Church in Franklin County, Indiana, US

Big Cedar Baptist Church and Burying Ground is located on Big Cedar Creek Road, between the road to Reily and the Oxford Pike, in Springfield Township, Franklin County, Indiana. Big Cedar was a branch of the Little Cedar Grove Baptist Church, which was the first church constituted in the Whitewater River Valley, by Elder William Tyner, who had come with colony from Virginia about 1797.

== History ==
The Baptist church on Big Cedar in the state of Indiana, Franklin county and Springfield Township, with 13 members, was constituted Saturday Sept. 13, 1817 and assumed the title of Big Cedar Grove Church. In May 1819 they decided to build a meeting house.

Job Stout and William Hetrick each deeded one acre of land for the church and burying ground. The first meetings of this church were held at the home of Job and Rhoda Stout (daughter of Abner Howell). The first church was a log cabin, in 1824 they agreed to finish the walls with wood and clay.

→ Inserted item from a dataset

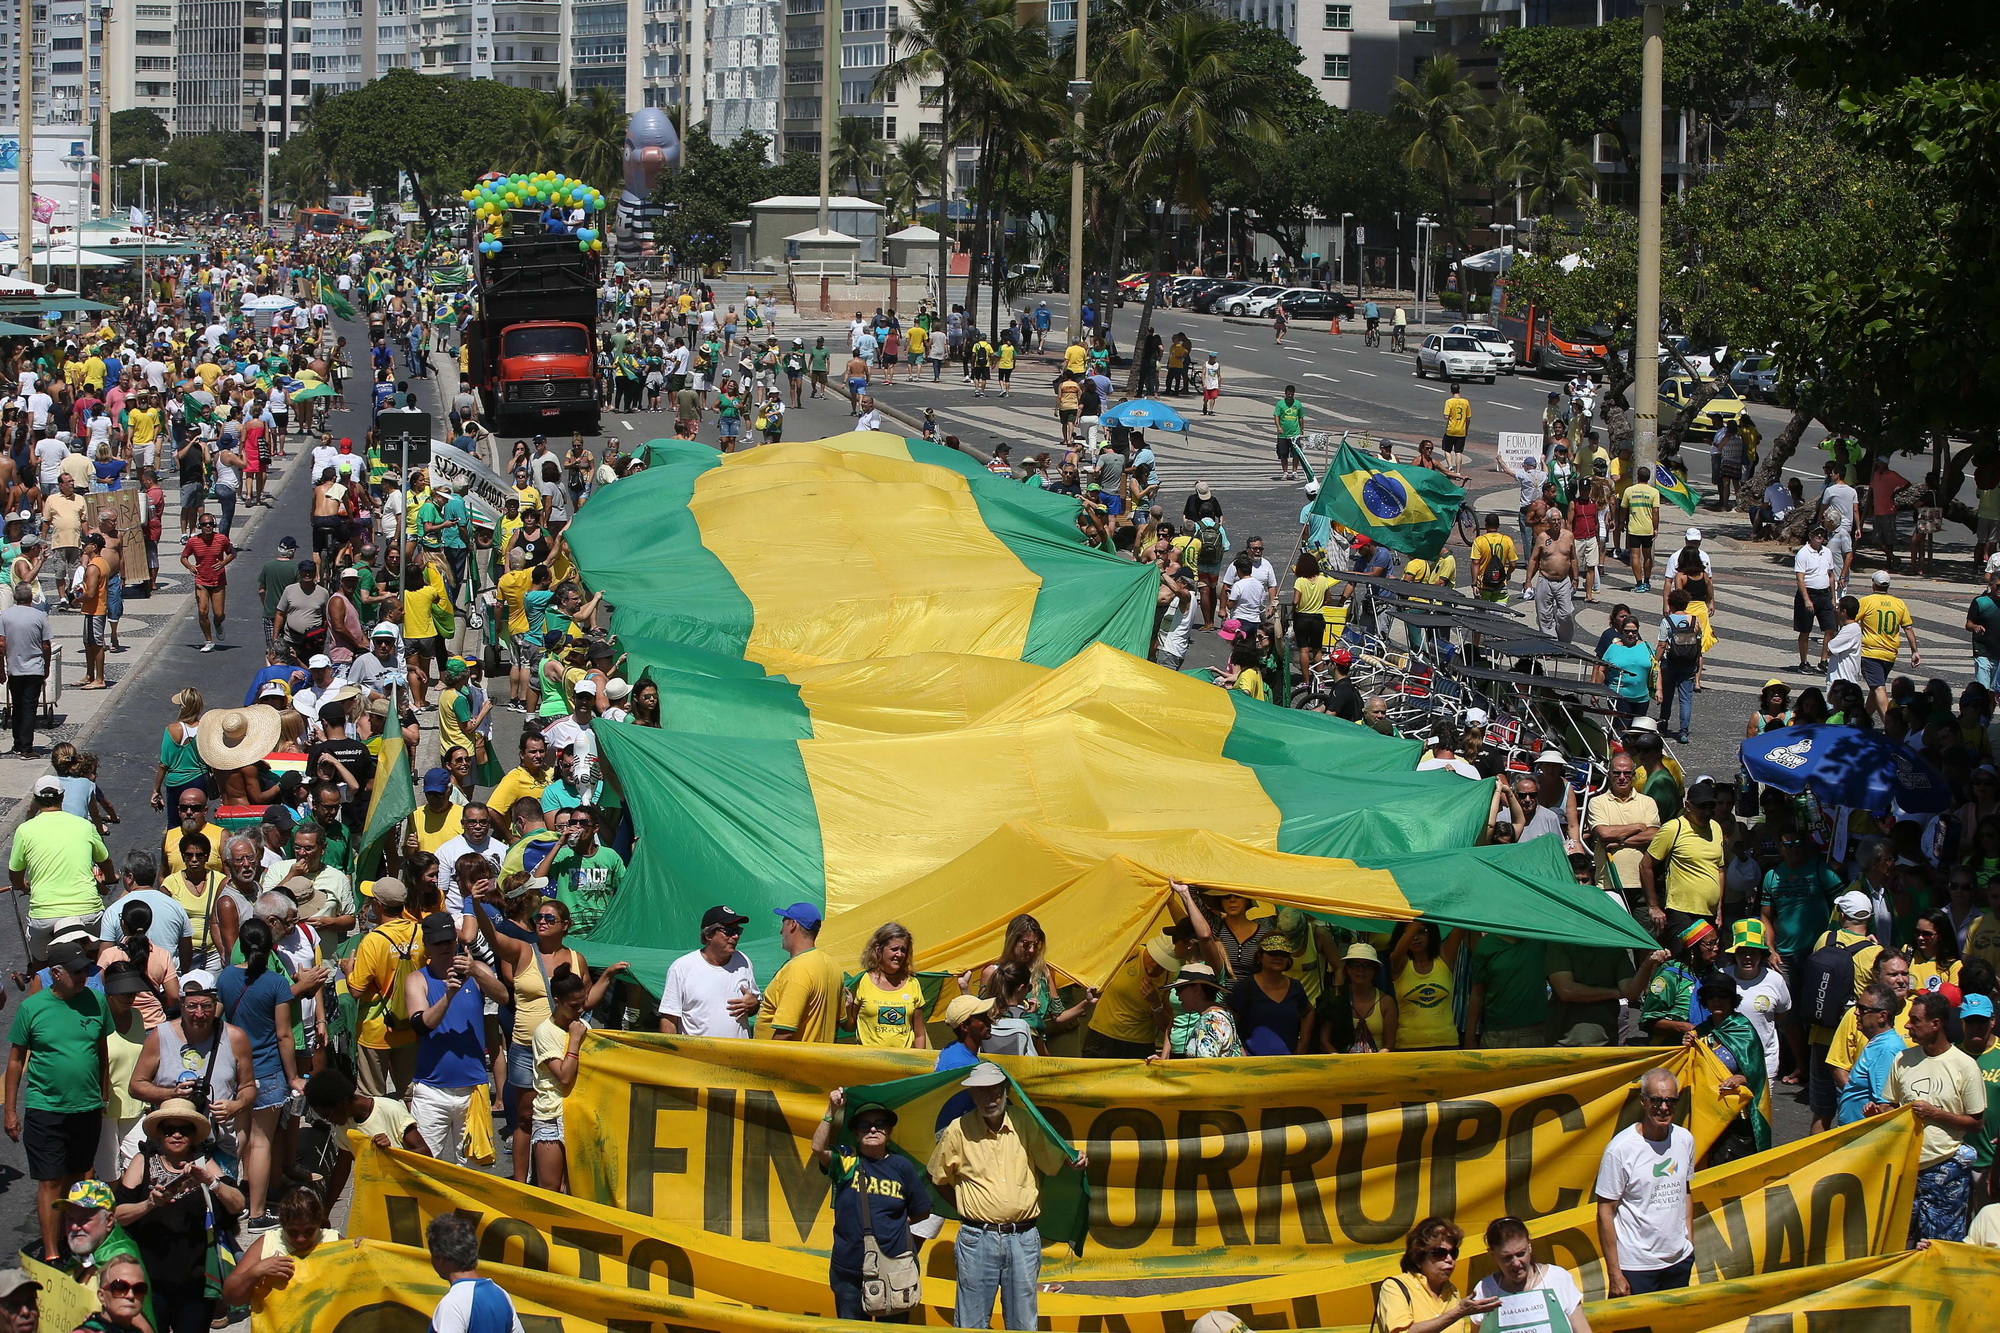 Hàng chục nghìn người Brazil tại nhiều thành phố trên cả nước đã xuống đường biểu tình phản đối nạn tham nhũng đang hoành hành ở nước này, đồng thời yêu cầu cơ quan tư pháp điều tra và xét xử nghiêm minh hàng trăm chính trị gia đang bị cáo buộc tham ô. Cuộc biểu tình đã diễn ra từ sáng sớm tại thủ đô Brasilia và thành phố Rio de Janeiro, sau đó lan tới Sao Paulo.(Ảnh: EPA/TTXVN)

In May 1835 they began talking of a better church building and decided to make it of brick. Bricks were made near the site. The money for it was raised by subscription. They bought a stove in October, and in December 1837 the first service was held in this building. According to the records 214 different persons helped pay for the church.

A division occurred in the membership from 1869 to 1871 on the mission subject. In April 1870 the members found the church doors barred, bolted, and locked and held their meetings in the church yard and grove until November 1870 when they met at the residence of Deacon Samuel Goudie (son of James B. Goudie Jr.) and did so for the next seven meetings. The matter went to court, where a settlement was made dividing the time between the two factions. One group was given the first and third Sundays, the other group meeting the second and fourth Sundays. Each faction was to pay half the expenses of keeping the church in repair. Each was to furnish their own wood for fuel and lights.

The history of the burying ground as they always called it, was all the time connected with the business of the church. It is not known sure who was first buried here, for so many graves have no mark, but the oldest inscription on a tombstone is of John Hetrick, a child who died in 1820.

The Big Cedar Grove Cemetery Association was formed April 1899. In 1901 the church transferred all her interest in the graveyard to that association. This church was disbanded, September 12, 1959. The cemetery is still active today and the church building is now maintained by the Big Cedar Cemetery Association.